--- Available data Enclosed Below ---

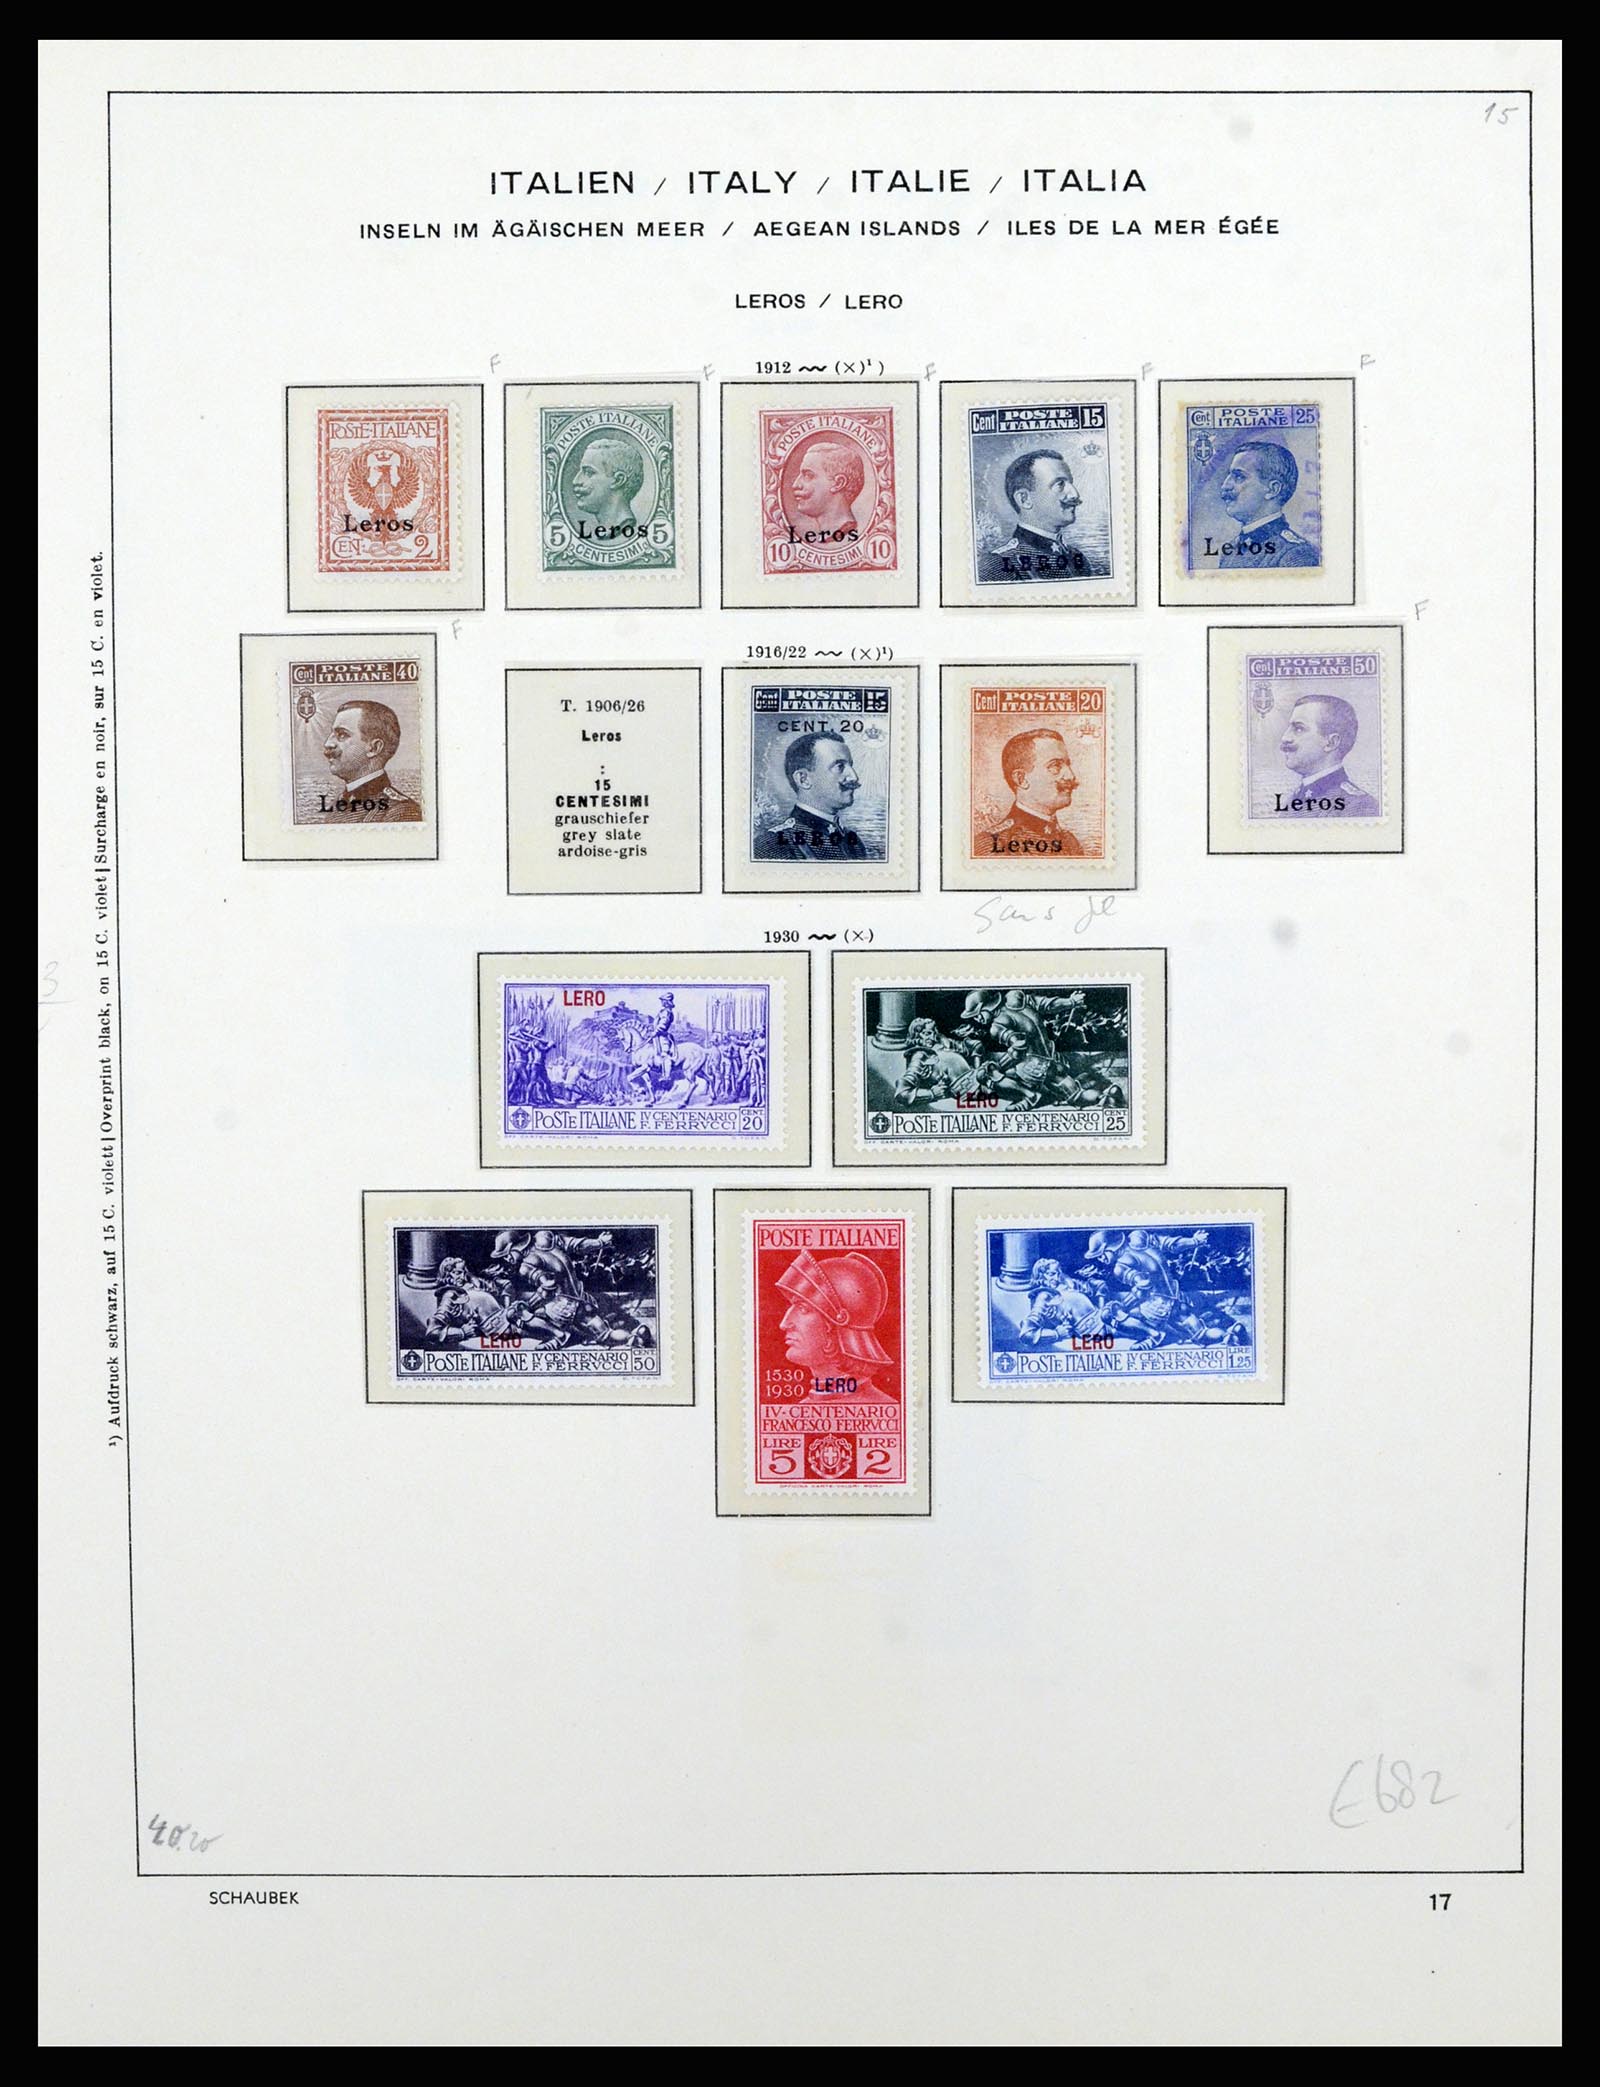 36577 043 - Stamp collection 36577 Italiaanse gebieden 1870-1940.
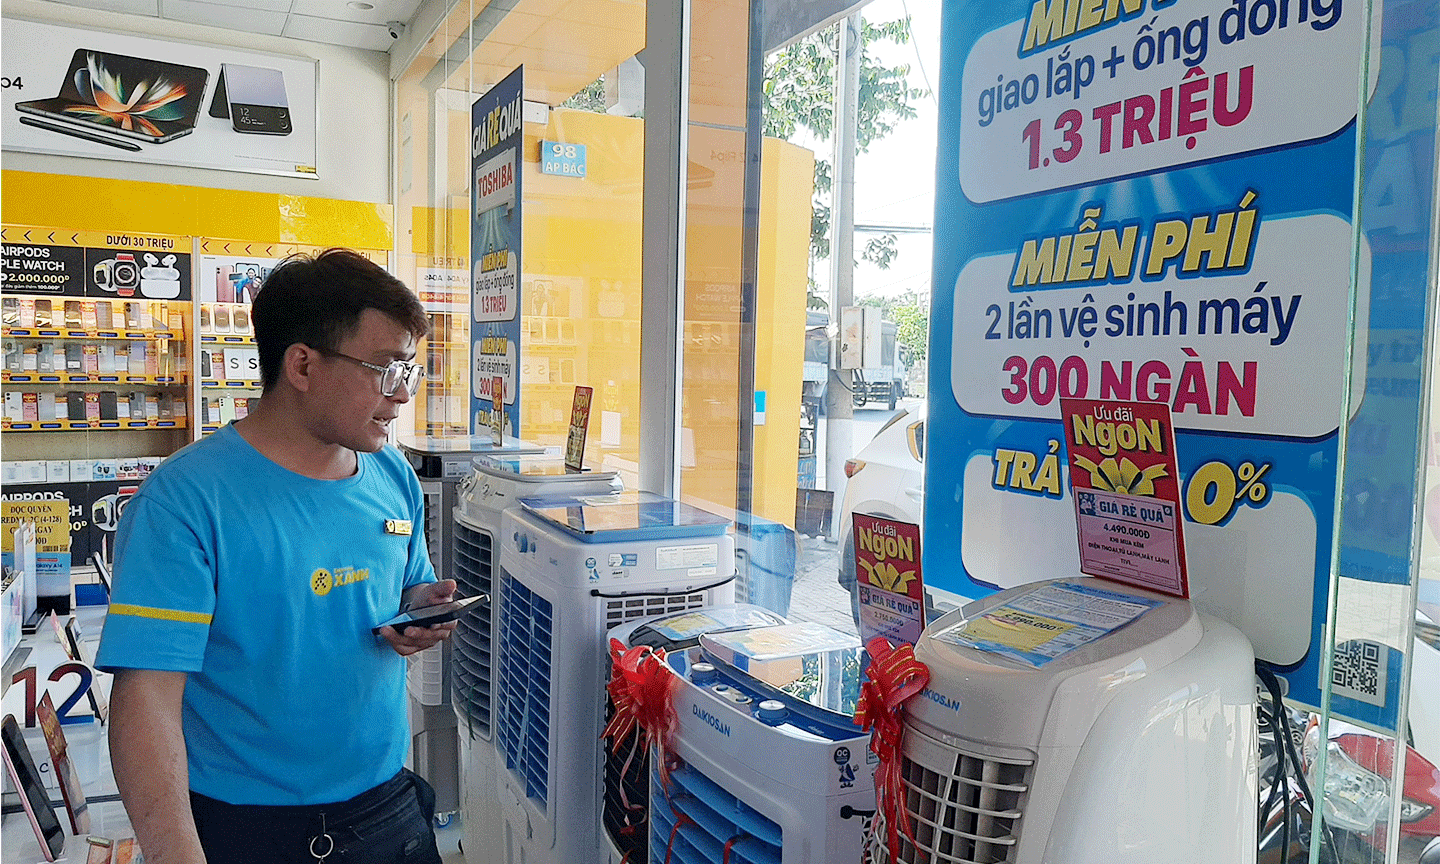 Nhân viên tại một cửa hàng điện máy đang tư vấn quạt hơi nước cho khách hàng
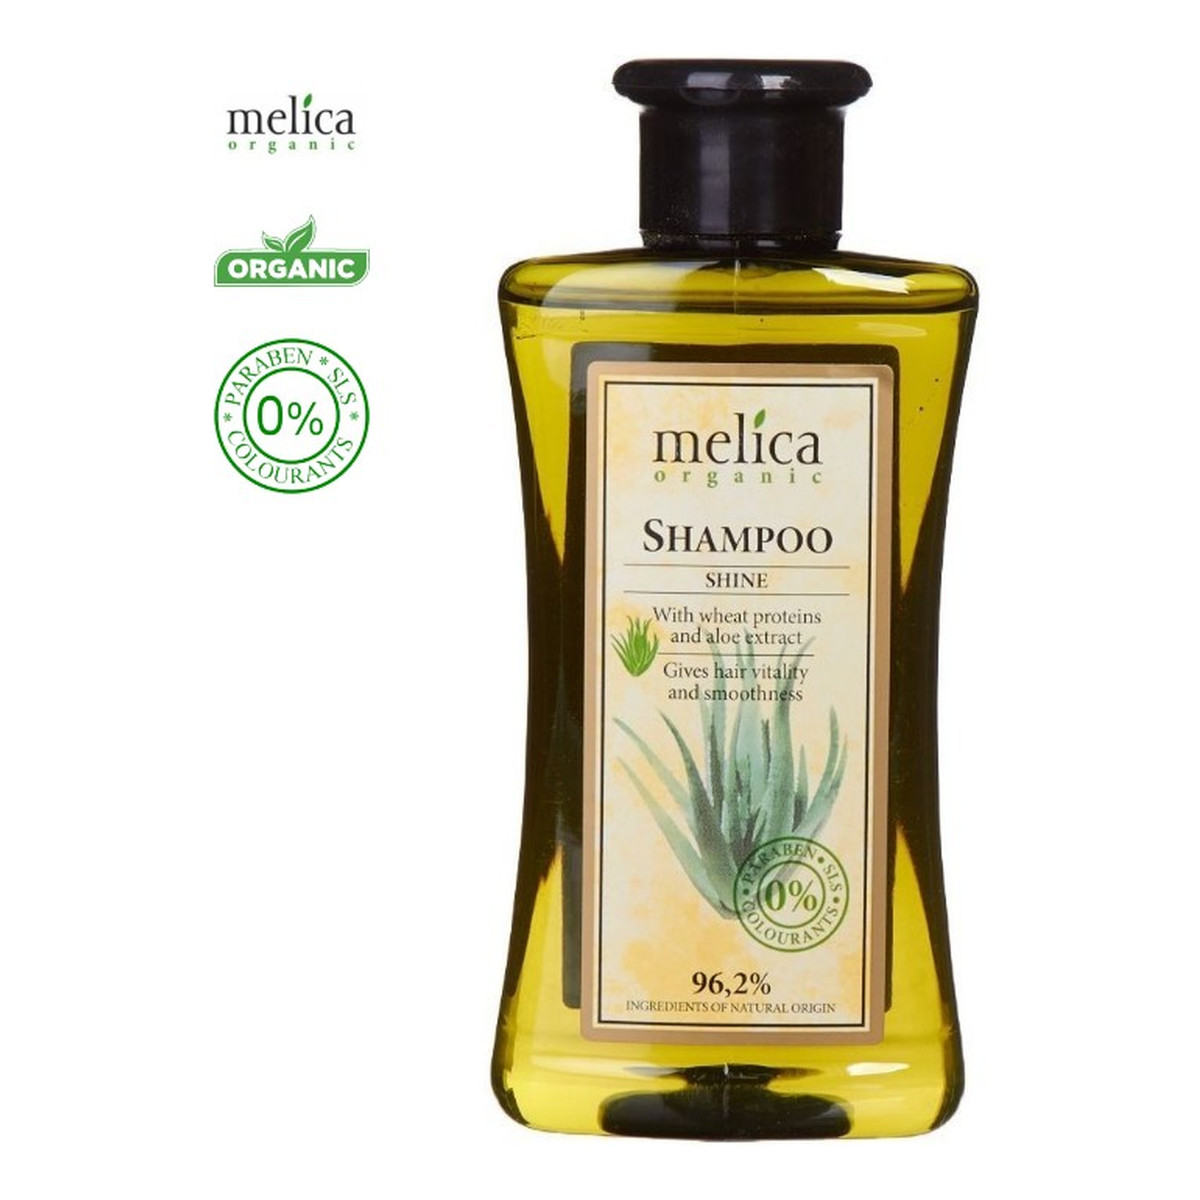 Melica Organic Szampon organiczny do włosów 300ml

--- End of Enclosed Available data ---

→ **Exercise objective**
No pictures belong in the copy; quote exactly the lines from the line containing "Nhân viên tại" through the final line of the material, both ends included.

→ **Response**
 Nhân viên tại một cửa hàng điện máy đang tư vấn quạt hơi nước cho khách hàng
 Melica Organic Szampon organiczny do włosów 300ml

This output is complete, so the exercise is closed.